I suspect it might not have been this, but it was the first thing to come to mind and you might like it anyway.
posted by karbonokapi at 3:43 PM on April 23, 2014 [1 favorite]

This might cover it.

posted by Freedomboy at 3:46 PM on April 23, 2014 [1 favorite]

what you're talking about, i would call unconscionability, a second meaning for a word that usually means an act, or behavior, so bad that we have difficulty imagining that someone would do it. i disagree that this applies to global warming, that's more the deliberate inertia of entrenched profit systems, short-term thinking (see: boiled frog) and resignation to the apparent inevitable.
posted by bruce at 3:46 PM on April 23, 2014

Was it this review?

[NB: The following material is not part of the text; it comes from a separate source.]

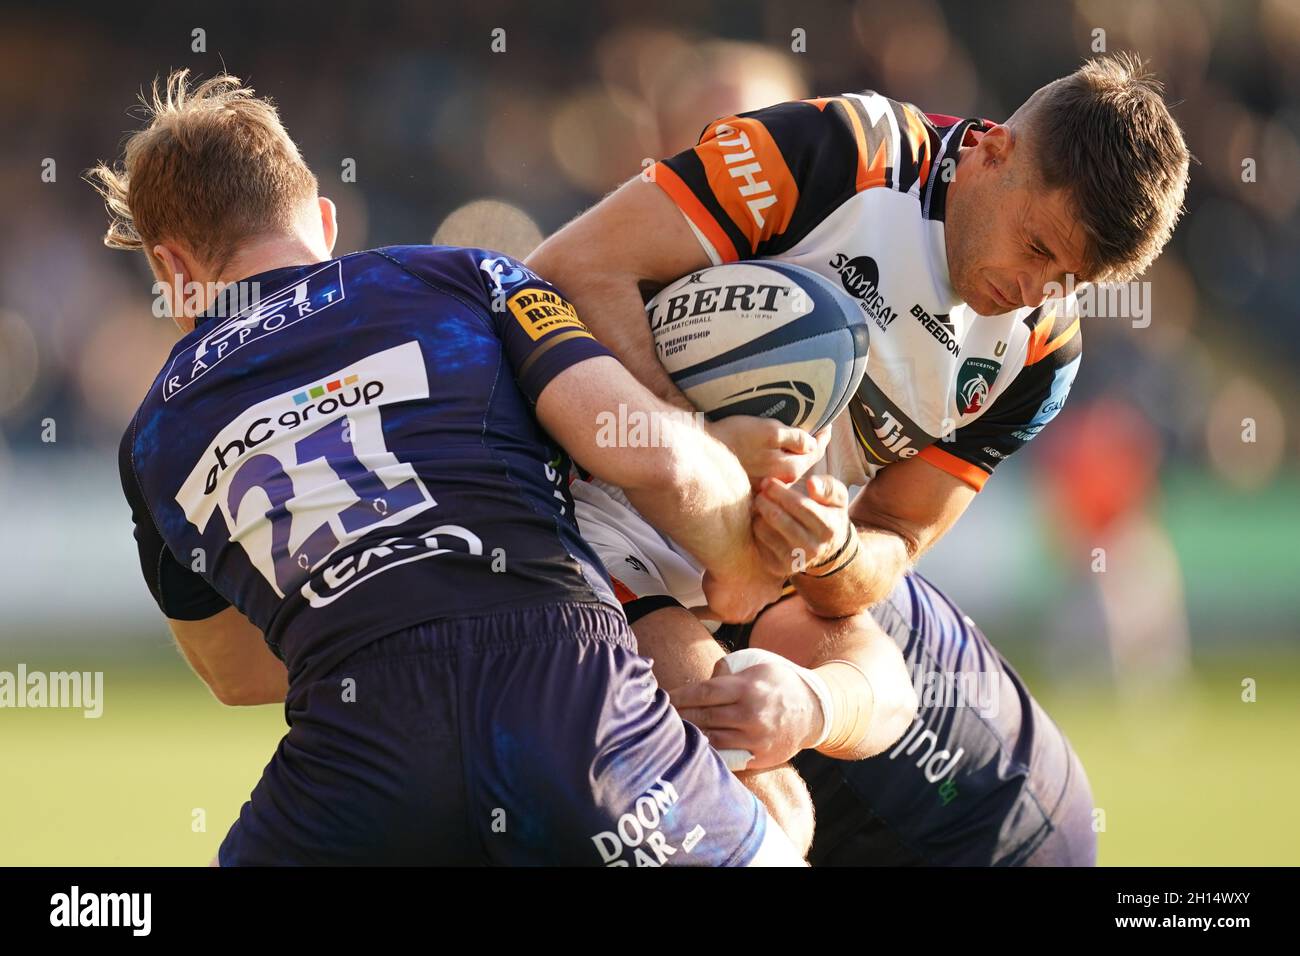 Leicester Tigers' Richard Wigglesworth (right) tackled by Worcester Warriors' Gareth Simpson during the Gallagher Premiership match at Sixways Stadium, Worcester. Picture date: Saturday October 16, 2021. Stock Photo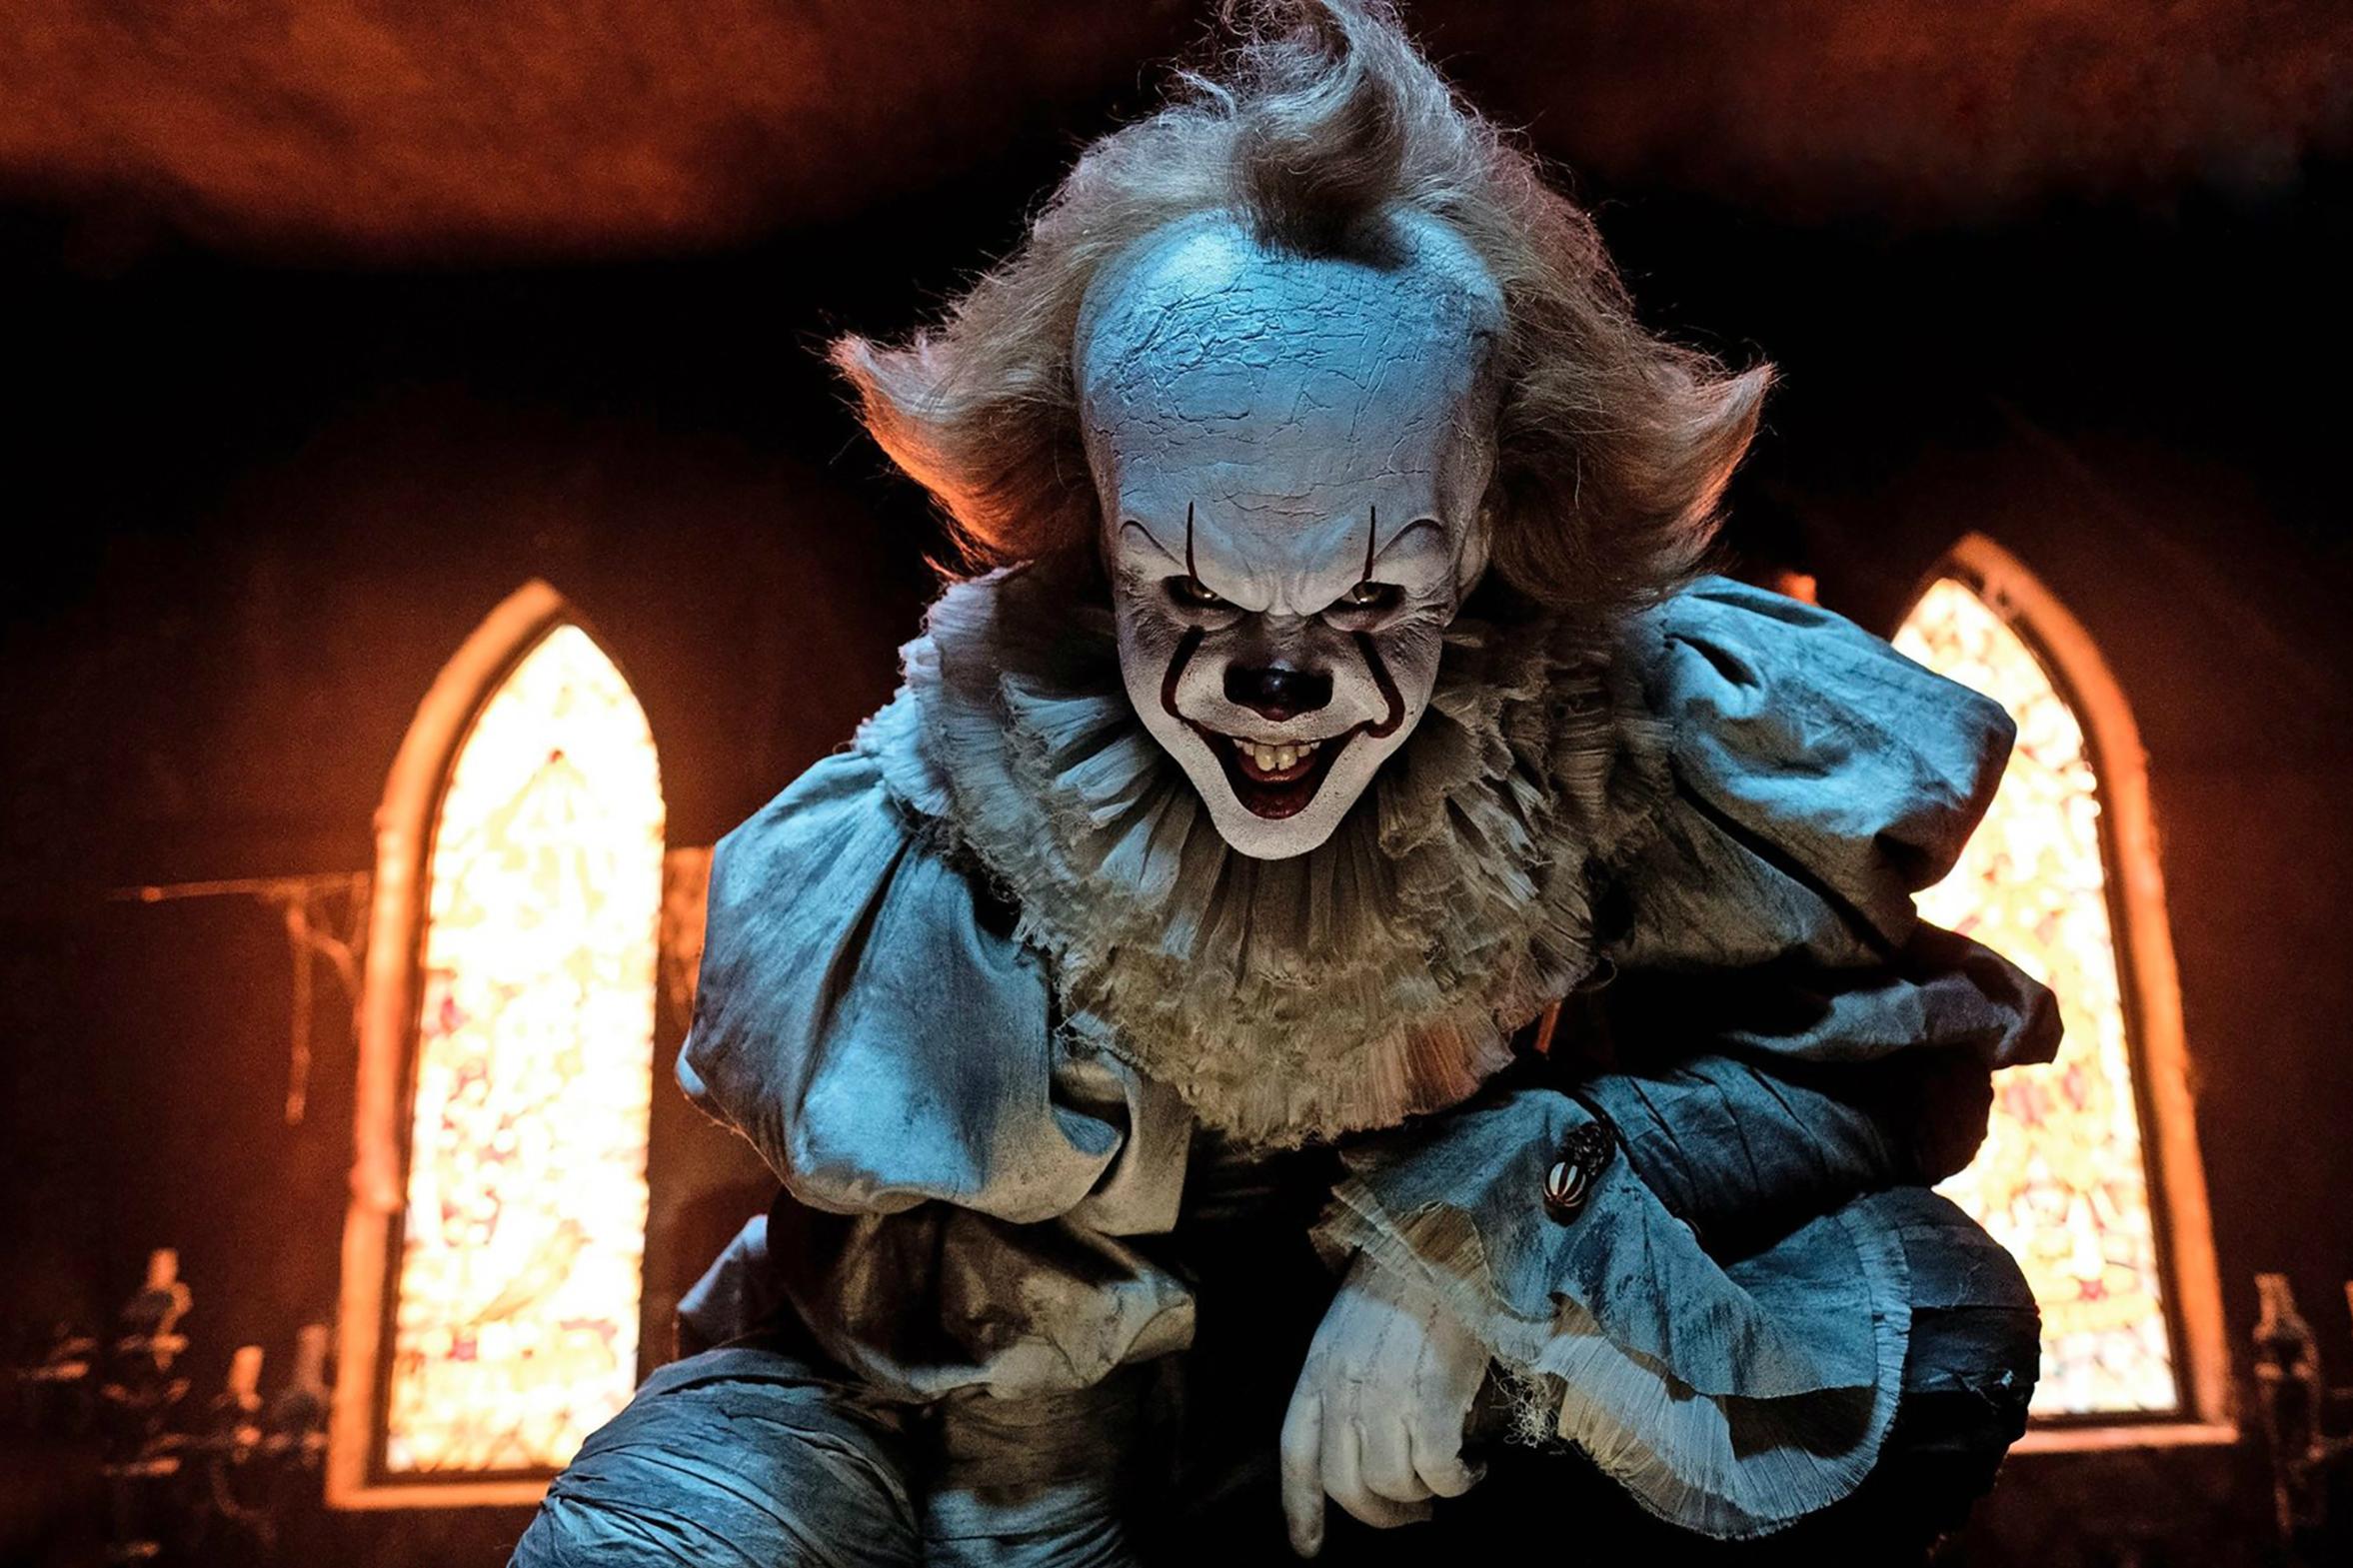 It: Disturbing deleted scene showed Pennywise before he was a clown

The concept you're describing matches pretty well with Timothy Morton's hyperobjects.
posted by The Bridge on the River Kai Ryssdal at 5:07 PM on April 23, 2014 [2 favorites]

Thanks The Bridge..., 'hyperobjects' was exactly the phrase I was looking for. The oracular powers of AskMeFi succeed once more!
posted by Rufus T. Firefly at 12:36 AM on April 24, 2014

You might also be interested in Rob Nixon's (less theorized, more political-economical) notion of slow violence.
posted by The Bridge on the River Kai Ryssdal at 5:29 AM on April 24, 2014 [1 favorite]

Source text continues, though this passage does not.